The fitness function represents the objective function and simply returns the distance of the maximum route in the gnome string. The genetic algorithm utilized a two-point crossover, random mutation, and roulette wheel selection with an ”elite list” where a certain percentage of the population is automatically selected for the next generation. The following resources[4, 5] provided guidance on the programming for this algorithm.

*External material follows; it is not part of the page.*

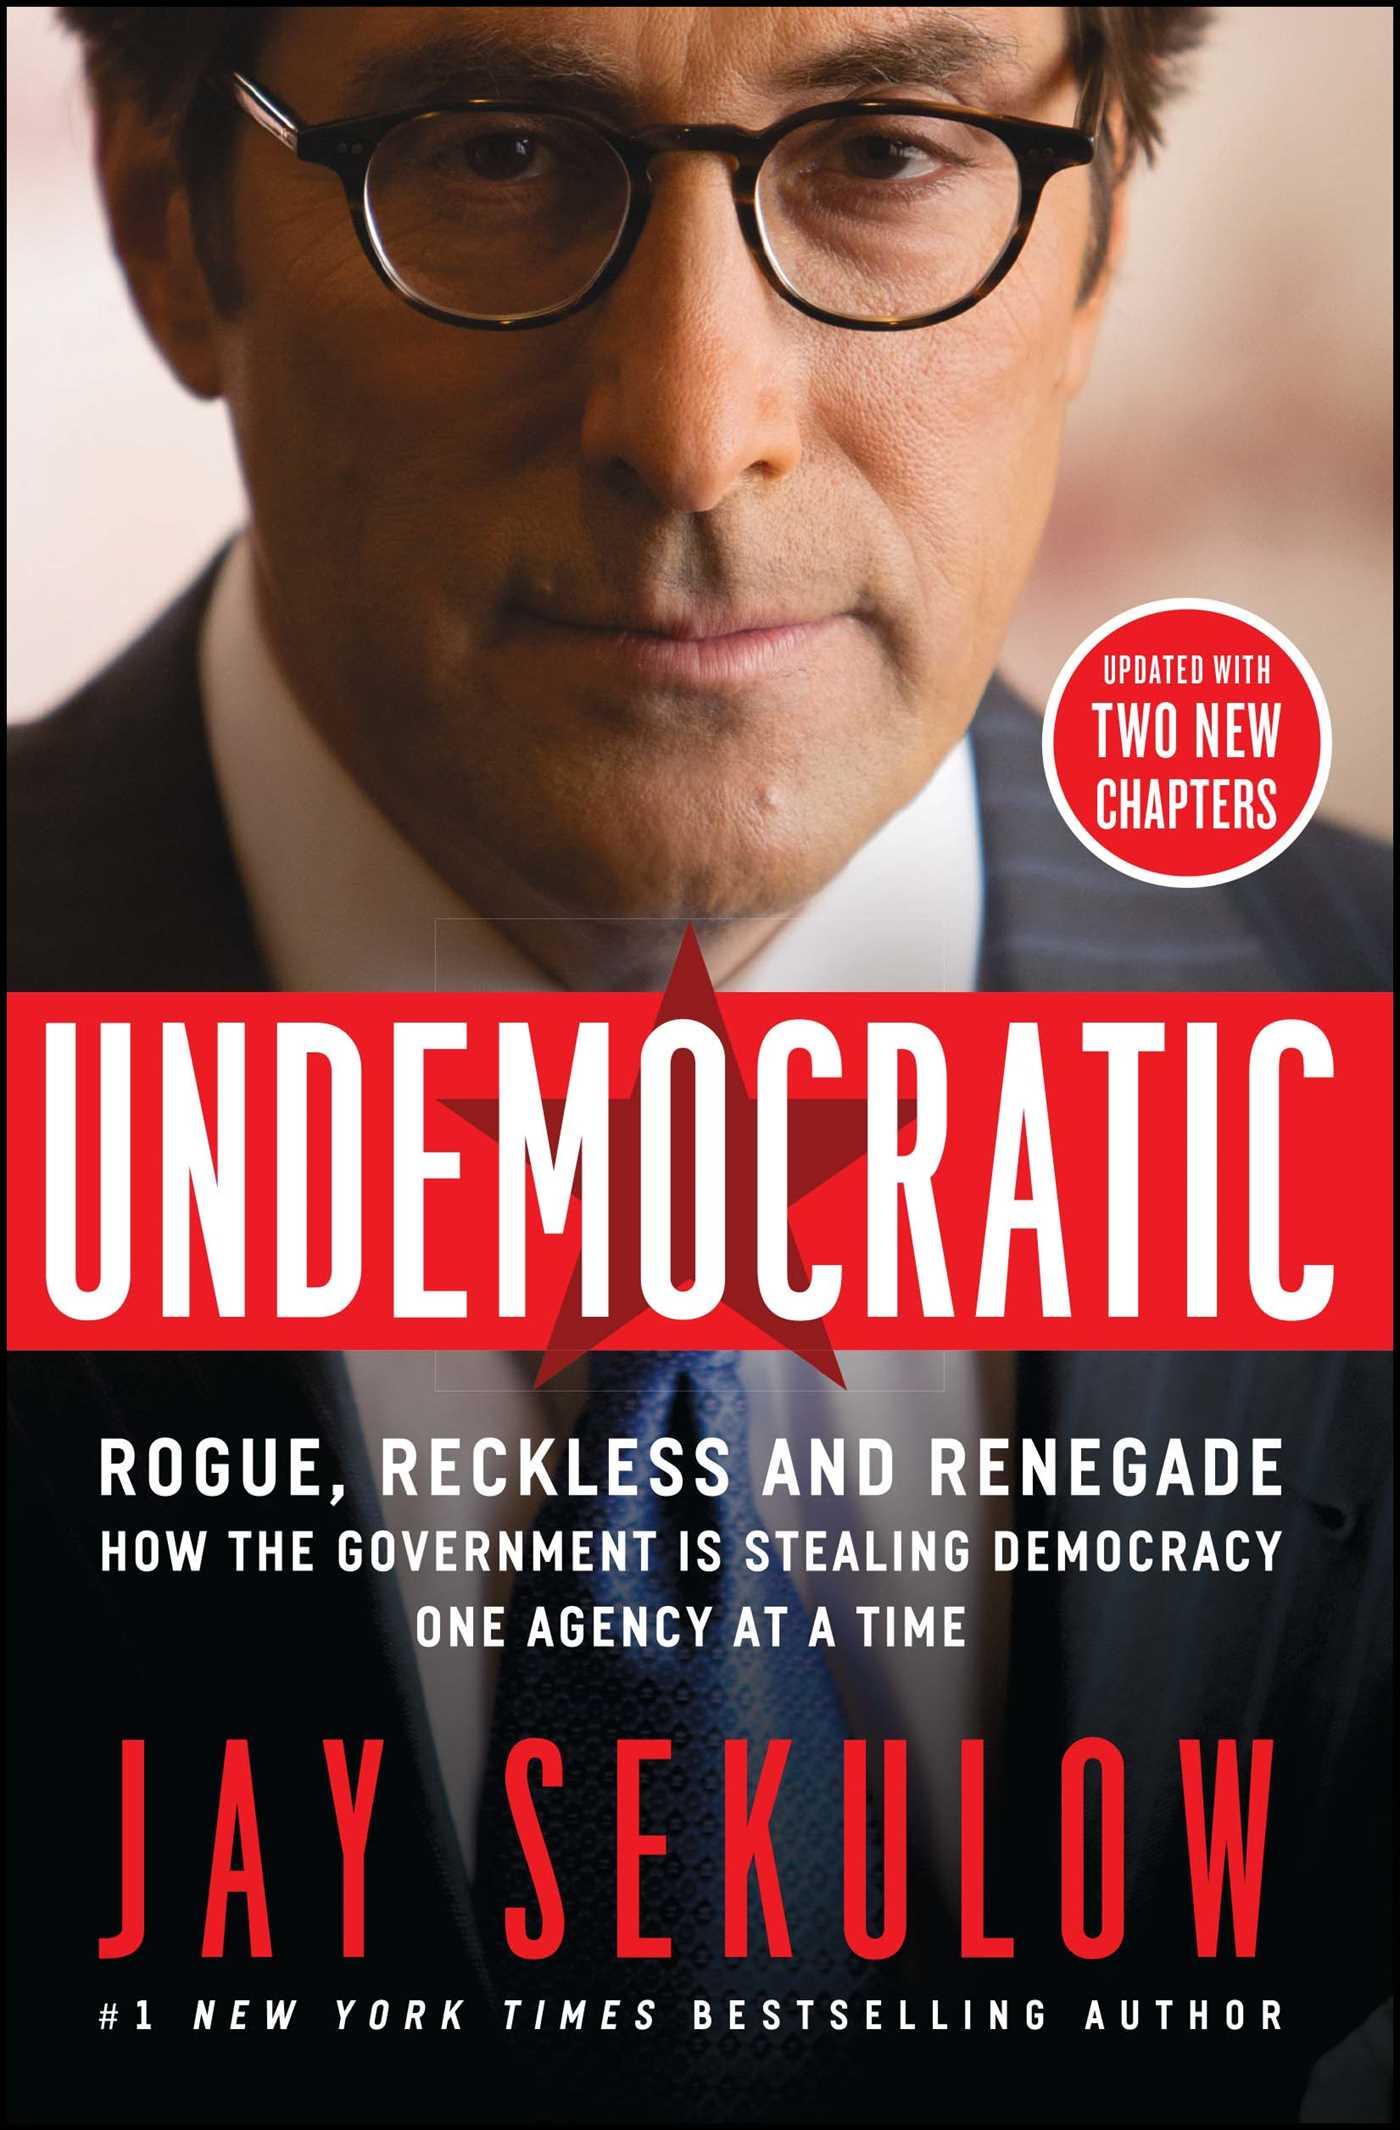 Jay Sekulow – Undemocratic

The following is the results for 8 cities defined in the above section using 2 vehicles. The file VRP no constraints genetic algo.py consists of the code for this section.

Genetic Algo Image
Figure 2: Solution for VRP without constraints, N = 8, V = 2

Case 2: VRP with capacity constraints

In this variant of the problem, the same 8 cities are used with 2 vehicles. However each vertex has a package number associated with it and each vehicle has a maximum capacity as specified in the section above. To solve this problem, the Google OR tools library was used. (code was referenced from this documentation) This library is capable of solving constrained routing optimization problems. The file VRP API Cons.py consists of the code for this section. The following is the solution produced with this library.

VRP Constraints
Figure 3: Solution for VRP with constraints, N = 8, V = 2

The maximum route distance for this problem is 1487.13 with the routes [[1, 7, 6, 3, 2, 1], [1, 5, 8, 4, 1]] Note that this distance is larger than the distance without constraints. (due to the extra capacity constrains, reducing the potential solution space)

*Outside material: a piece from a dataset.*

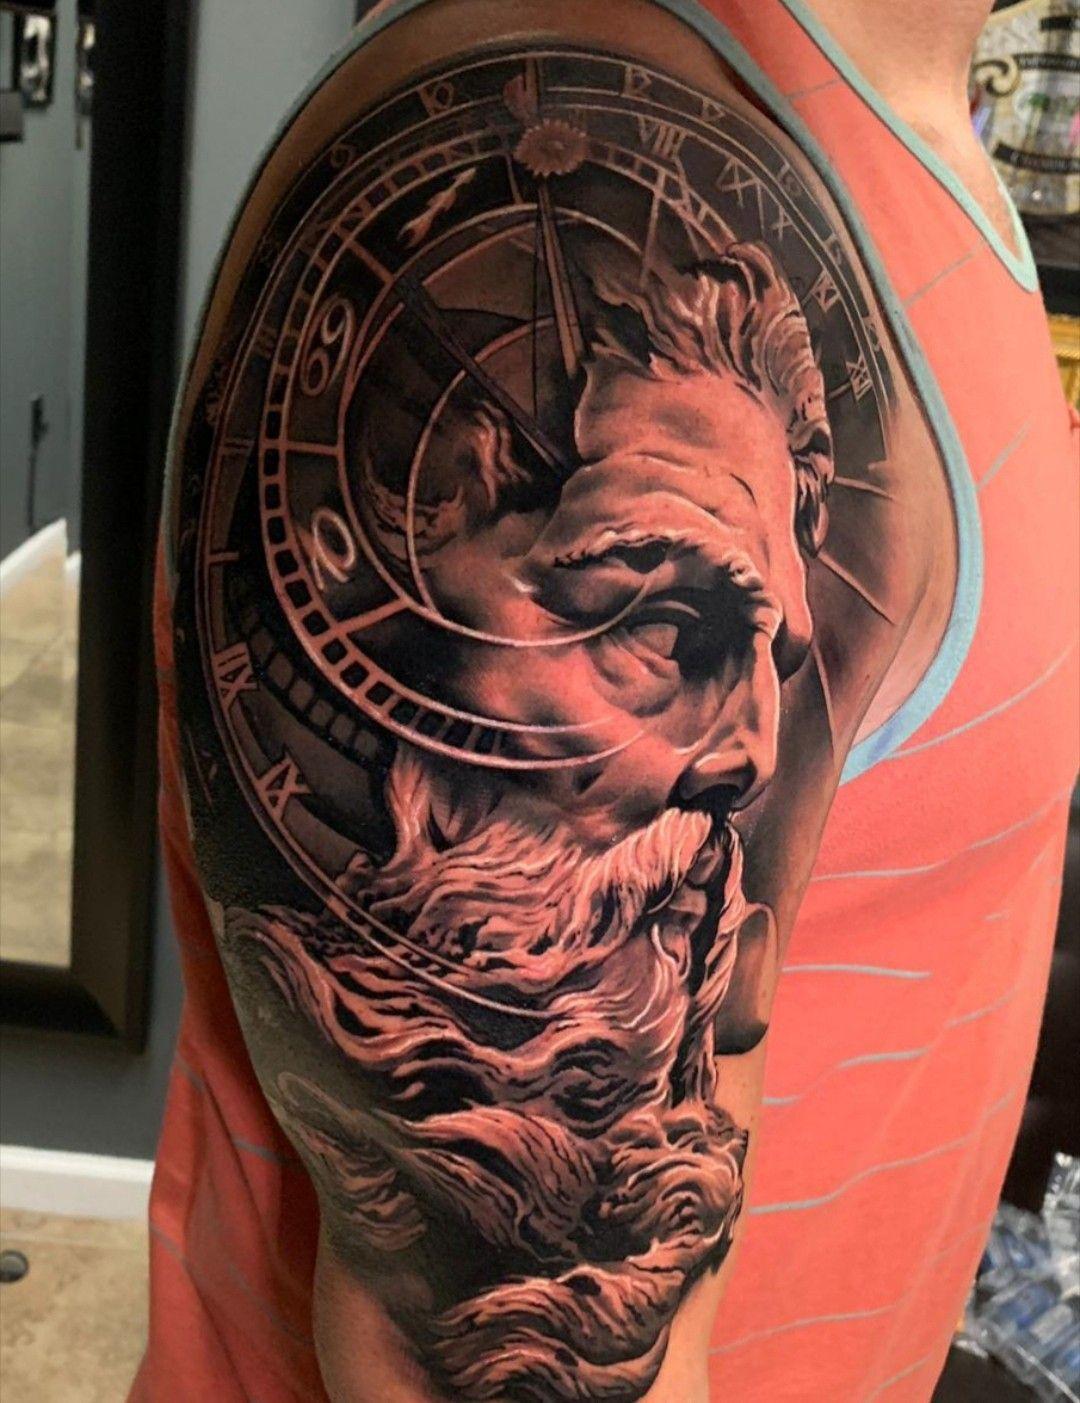 Superb Cronos Tattoo Cronos In Tattoos Poseidon Tattoo

Discussion and Future Directions

One key observation made was that it is hard to find an optimal solution. Even with a relatively small N, there were many instances where an optimal solution was not found when comparing to the brute force solution. In addition, this problem becomes very computationally extensive as N increases. Additionally, there are many approaches to the same problem, such as using particle swarm vs genetic algorithms.

In the future, I plan to make adjustments to the genetic algorithm to make it more efficient, such as tweaking the selection and crossover process. There are many variants to this algorithm that can impact its efficiency. Additionally, applying the genetic algorithm to the constrained version of the problem would be interesting. Also, running the algorithm for a very large dataset (N > 20) would be an interesting exercise to see how the algorithm performs. Overall, this was an interested problem to study with many real world applications.